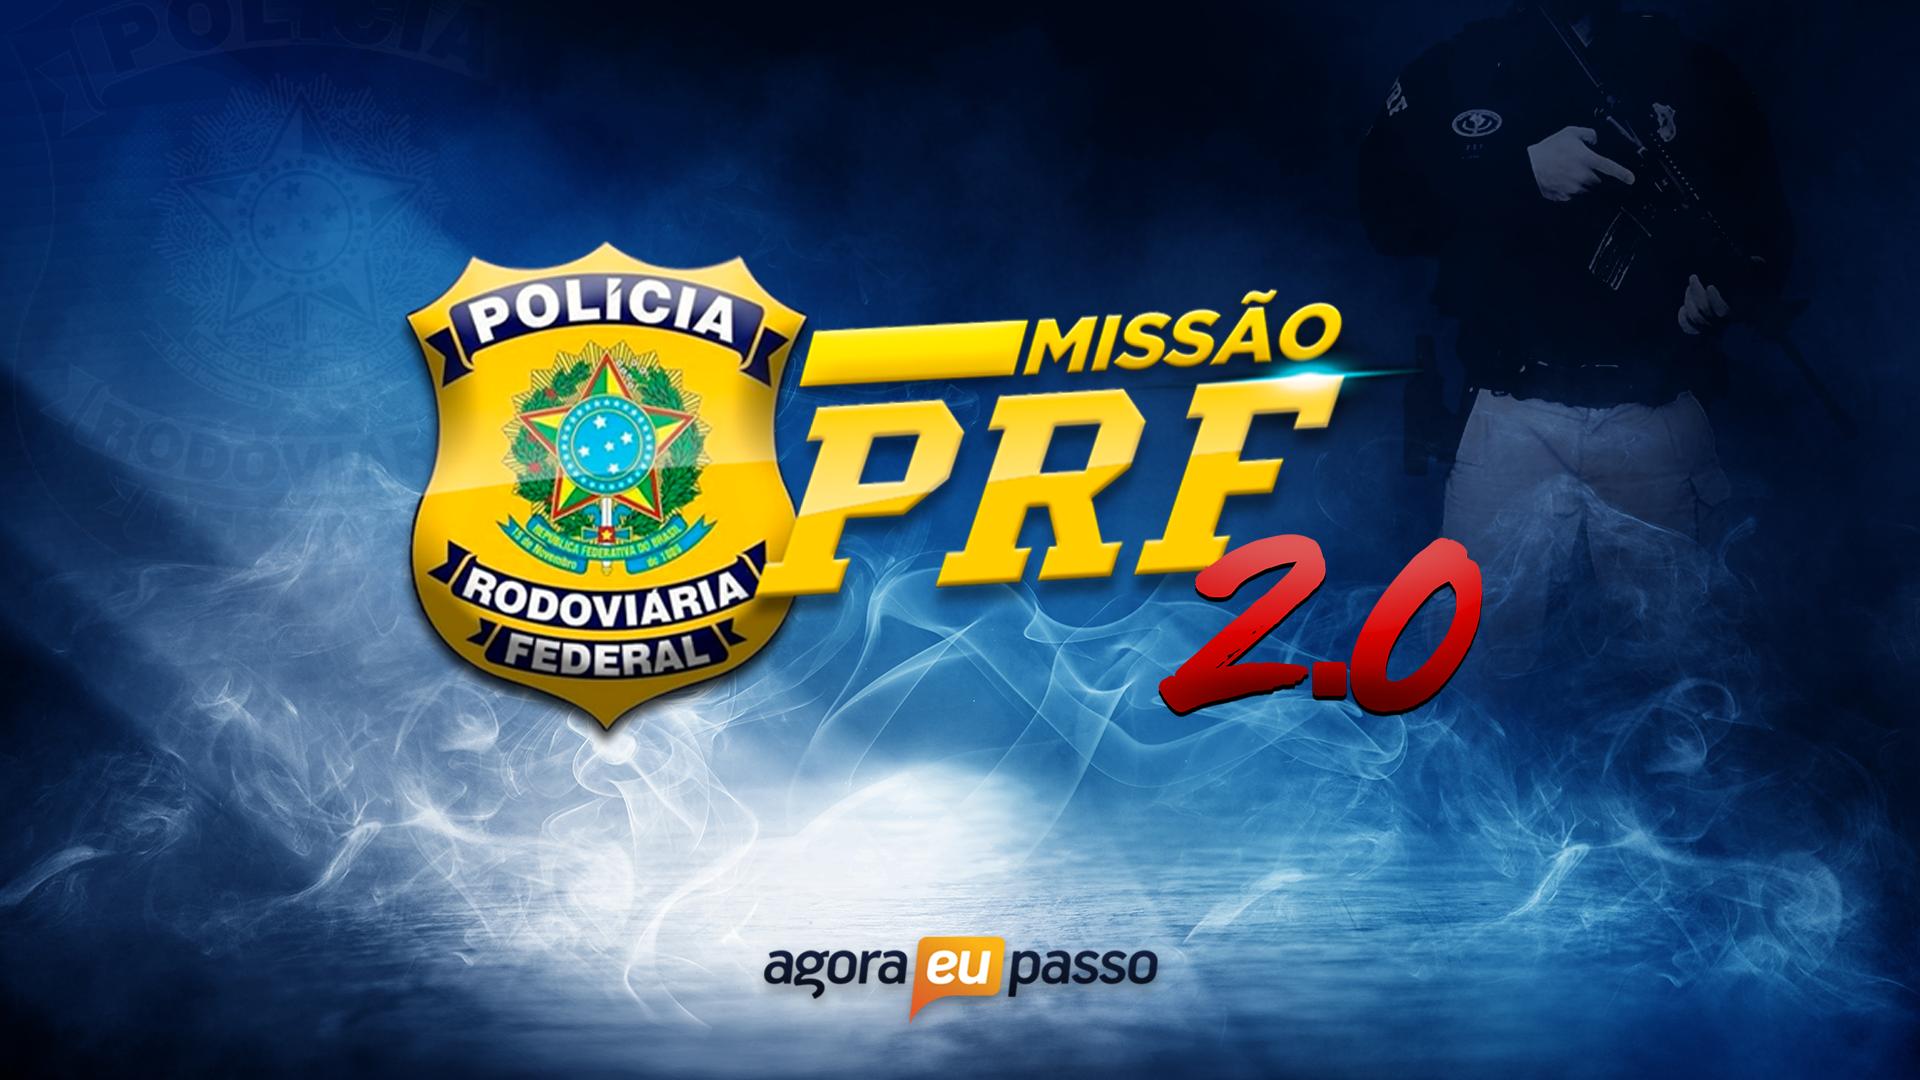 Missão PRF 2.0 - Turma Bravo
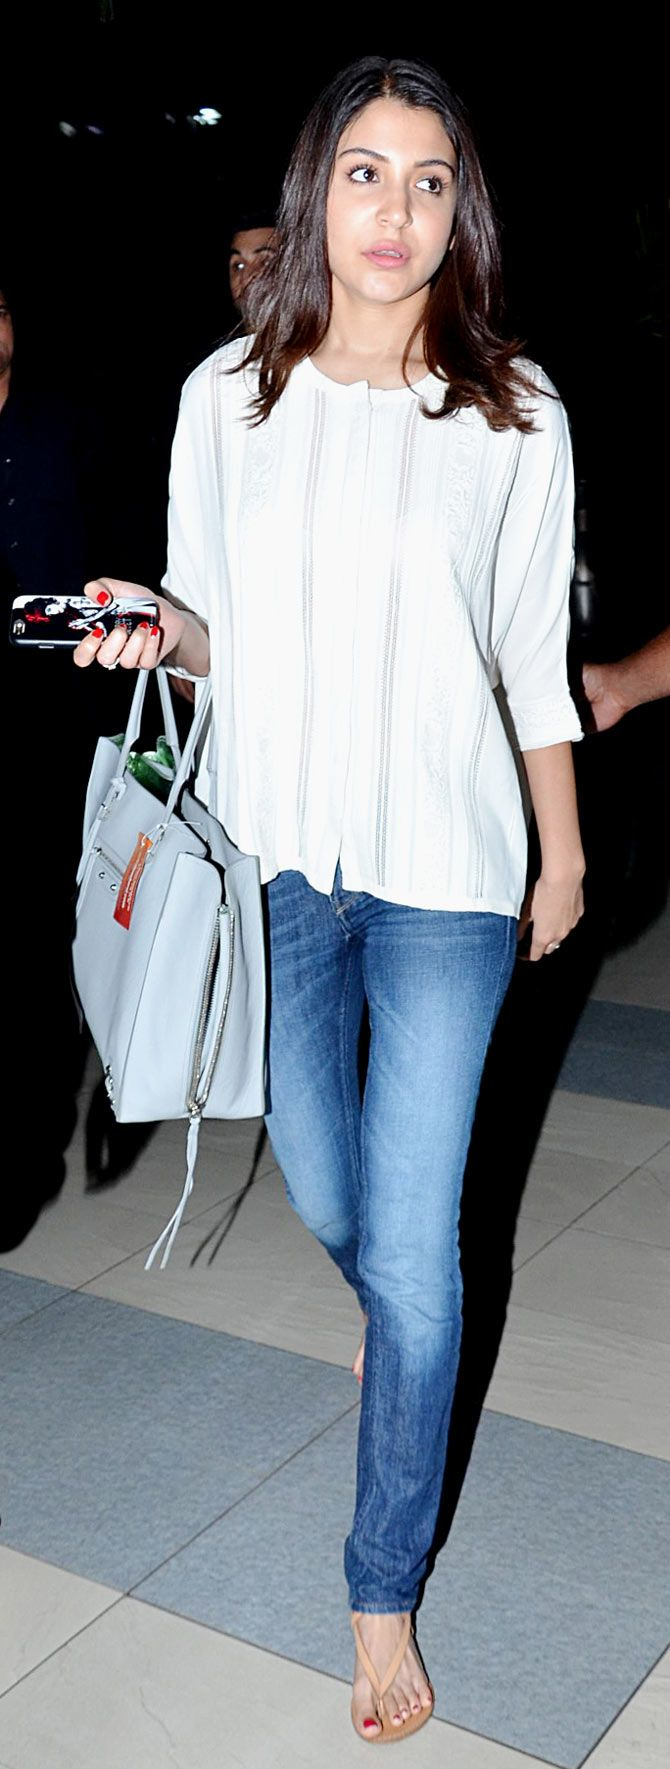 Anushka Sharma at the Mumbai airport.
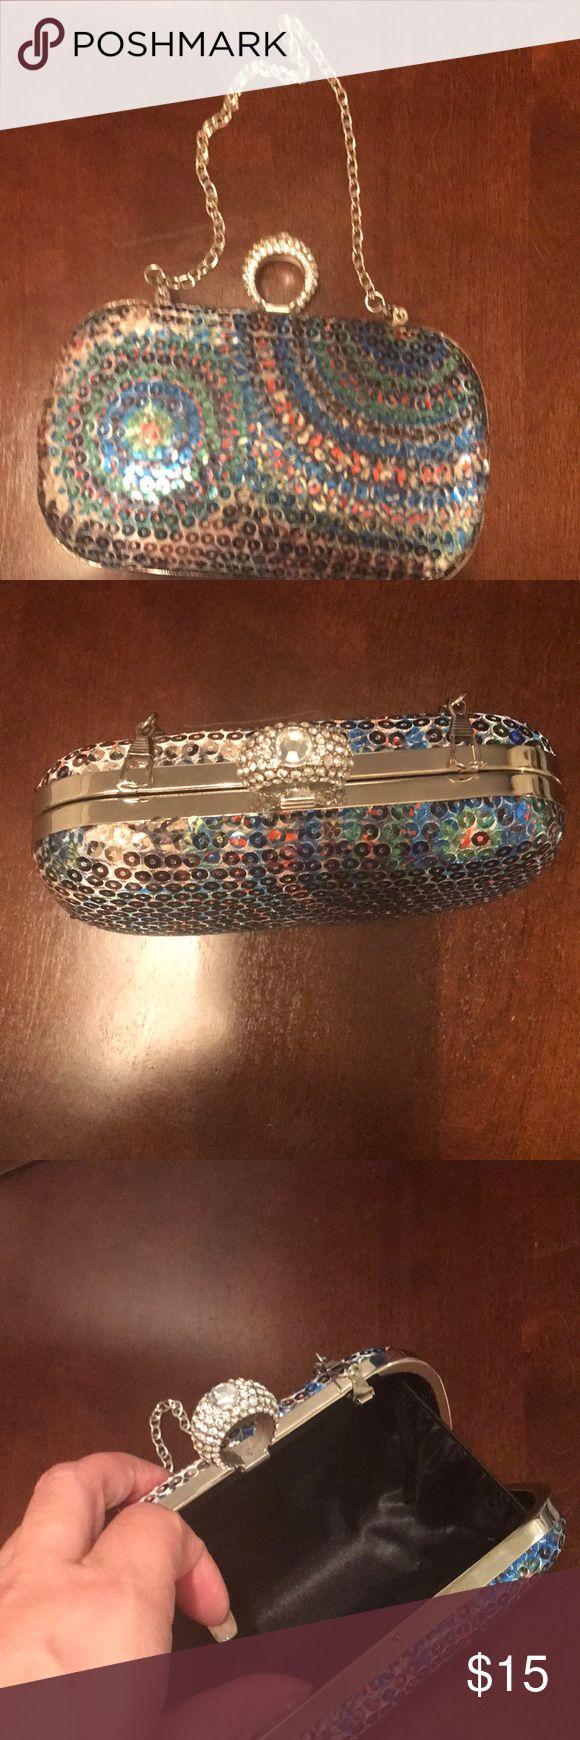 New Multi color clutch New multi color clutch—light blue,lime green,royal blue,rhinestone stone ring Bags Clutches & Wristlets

## ACTIVITY
The required output is the lines from the one containing "Anushka Sharma at the Mumbai airport." through the end of the data, printed exactly, with no pictures.

## ANSWER BOX
 Anushka Sharma at the Mumbai airport.
 New Multi color clutch New multi color clutch—light blue,lime green,royal blue,rhinestone stone ring Bags Clutches & Wristlets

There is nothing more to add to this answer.